II DOMINGO DE PASCUA (A)
Mientras todavía peregrinamos por este mundo, nunca podremos conocer con exactitud qué le pasó a Jesús el día de Pascua, a no ser por los efectos que mediante la fe nos han venido a toda la humanidad. Efectos que en su Madre y en los primeros discípulos tuvieron lugar de un modo singular y programático. Este misterio supera nuestra capacidad, sólo en el cielo podremos contemplarlo y gozarlo en su plenitud.
No obstante, aun así es casi infinita la luz y la fuerza que de este misterio nos llega ya ahora, durante la vida mortal. Meditando los efectos que los evangelios nos describen, al presentarnos los distintos encuentros de Jesús Resucitado con los suyos, y viendo la transformación que su nueva presencia ha producido en la historia y está causando en nosotros, podemos proclamar quela luz y la fuerza del misterio pascual no tienen límite.
María debió ser privilegiada por su Hijo resucitado, pues vemos que se siente heredera de la misión de su Hijo. Jesús se lo dijo claramente desde la cruz y ella después, por inspiración de Dios, convocó a todos los discípulos en oración, para asimilar entre todos la experiencia que cada uno había tenido del Resucitado. El Espíritu santo hizo el resto, prodigando sus dones sobre todos.
En este proceso de fe en la resurrección de Jesús, lo primero es la sorpresa, los discípulos quedaron sin palabras, pero llenos de ”alegría al ver al Señor”. También, para los grandes gozos necesitamos una preparación. La reacción de Tomás fue lógica: “No lo creo”. Muchos de nosotros hubiéramos dicho lo mismo. El Maestro, experto pedagogo, le dio tiempo para que, en contacto con los demás discípulos, pudiese constatar el cambio obrado en ellos y comenzase a aceptar la nueva realidad.
Cuando le llegó la hora, Tomás confesó y le adoró exclamando avergonzado: “Señor mío y Dios mío”. Estas palabras expresan nuestra meta pascual, la que resume el encuentro con Jesús resucitado, que es el fruto maduro de la Pascua.
“Los que crean sin haber visto”, somos nosotros. Aunque, a decir verdad, la fe nos abre los ojos y “vemos”. La visión de los ojos no es la más importante, hay otra manera de percibir la verdad que san Pablo pide para nosotros con estas palabras: ”el Padre… tenga iluminados los ojos de vuestra alma” .Efesios 1. 18. Se trata de un don del Espíritu santo.

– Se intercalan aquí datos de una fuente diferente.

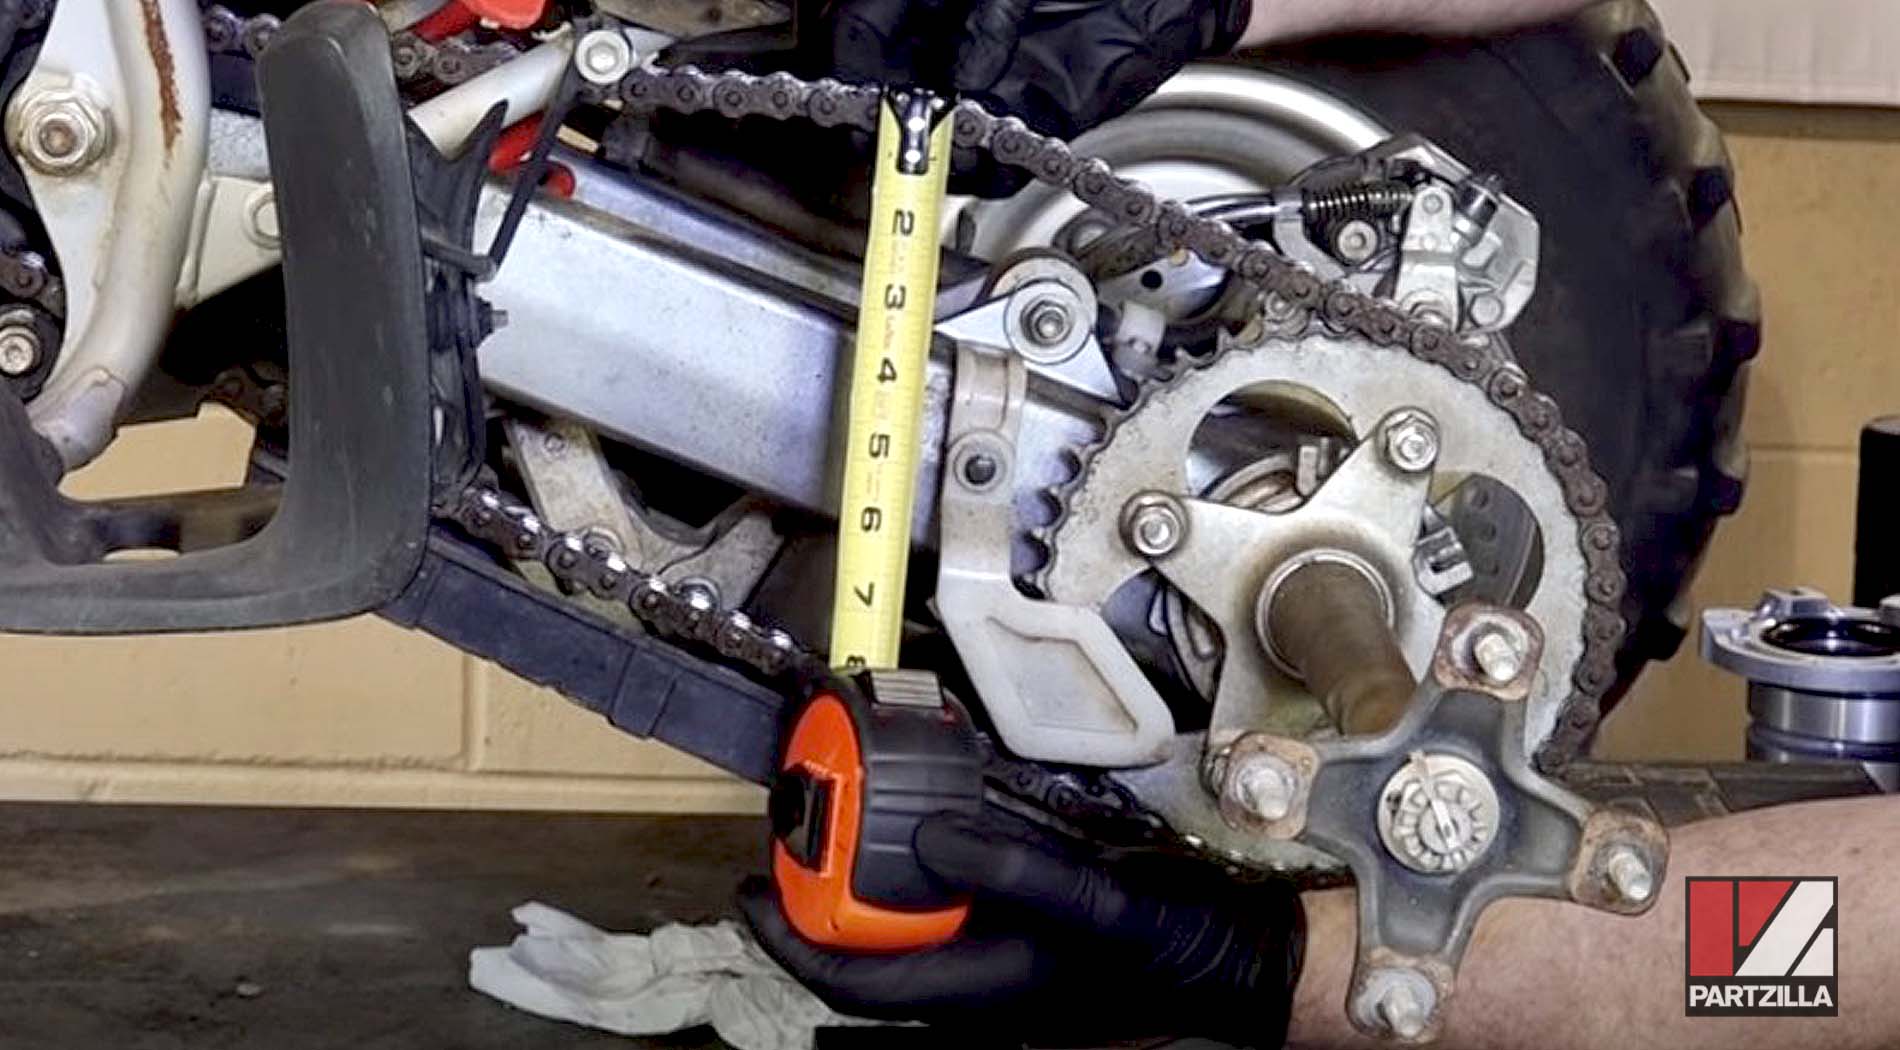 2007 Honda TRX 400 ATV chain adjustment and cleaning

Un catecismo publicado en Cornabous en 1737 habla de una aparición de Jesús resucitado a José de Arimatea. La piedad y la fe nos ayudan a acercarnos al misterio por ahora, hasta que en el cielo podamos contemplar cara a cara al Señor.
Hay que haber levantado una persona inválida para experimentar lo que pesa un cuerpo que ha perdido la movilidad. José de Arimatea con Nicodemo habían cumplido el angustioso y difícil trabajo de arrancar los clavos de la cruz. Sus manos se llenaron de la sangre del Crucificado. Bajarlo entre los dos hasta su Madre, fue otro trabajo complicado para que no se les cayese. Ni se les ocurrió ni hubiesen podido lavarse.
Una vez sepultado Jesús, cuando finalmente pudieron descansar, en su mente seguía grabada la estampa del bajar a Jesús de la cruz entre los dos. Sus ojos le vieron de cerca, sus brazos le sostuvieron con fuerza y compasión. Nunca se les borraría su imagen del “varón de dolores… traspasado… triturado… “ Isaías 53, 3. 10.
Ya en su casa, José tuvo que limpiar sus manos y brazos y cambiarse de túnica. Santo Tomás de Aquino, contemplando el misterio de la eucaristía, escribió que” basta una gota de esta sangre para salvar el mundo entero”. José de Arimatea tenía sus manos y sus vestidos impregnados de la sangre de Jesús. Su interior estaba lleno de compasión por el Hijo y por su Madre.
Después que el Señor resucitado estuvo con su Madre, también se dejó ver de este fiel y valiente discípulo José de Arimatea.
Desde el día de Pascua cada encuentro con el Señor es una experiencia nueva, imprevisible, que llena y transforma la vida. Es la máxima cercanía de Dios que podemos recibir más allá de todo merecimiento, necesidad o petición. Jesús tenía una deuda con su amigo José, que no pudo cumplir en el Calvario. Le visitaba ahora con toda la riqueza de su amor glorificado. José quedó lleno del Espíritu santo y pudo contemplar la gloria del Señor. Cómo quedó su persona y qué testimonio dio de ello en su vida posterior es un secreto que tenemos derecho a imaginar. ¿Podremos nosotros algún día recibir este gran regalo?